WHAT YOU WILL DO: The answer should consist of each line below that contains the word "framed".

DATA FOR ANALYSIS:

--- START ---

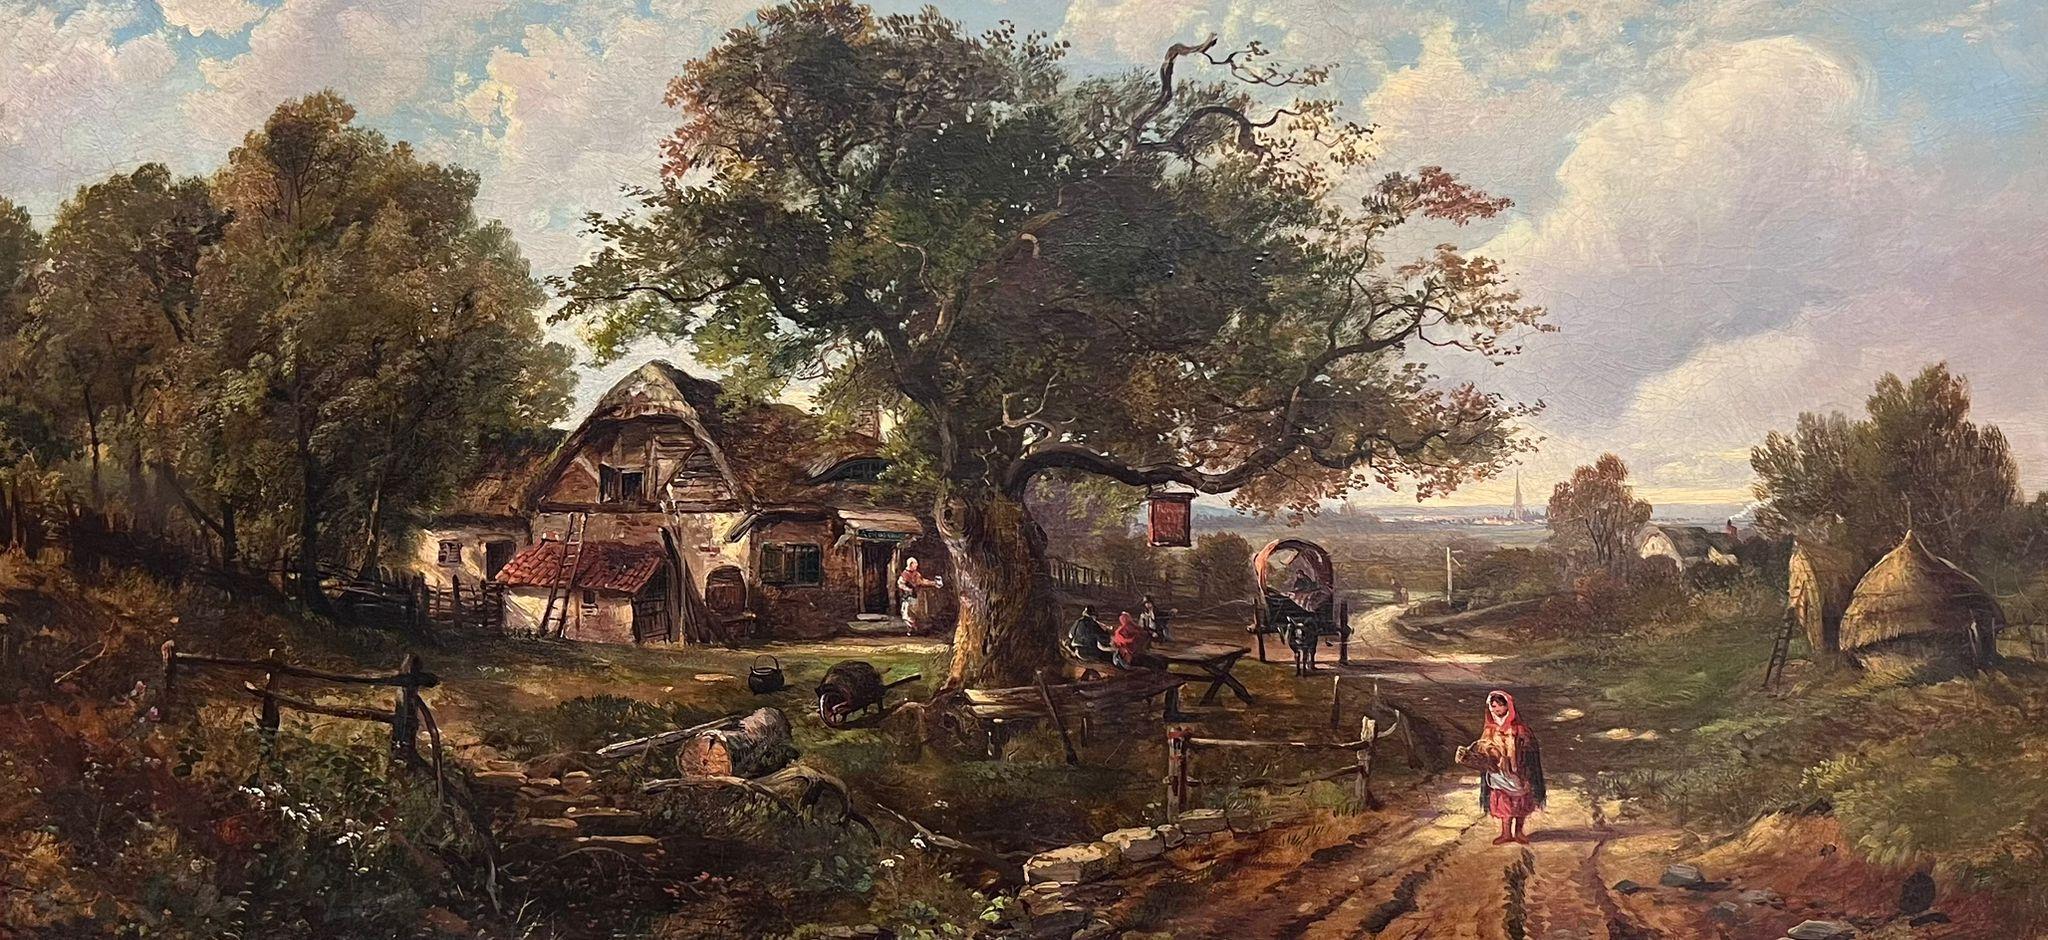 The Country lane
by Frans Hopfner (1840-1893) German
signed oil on canvas, framed
framed: 23.5 x 41.5 inches
canvas: 18 x 36 inches
provenance: private collection, UK
condition: very good and sound condition (please note, due to the fragility of old

--- END ---

SOLUTION TO THIS TASK:
signed oil on canvas, framed
framed: 23.5 x 41.5 inches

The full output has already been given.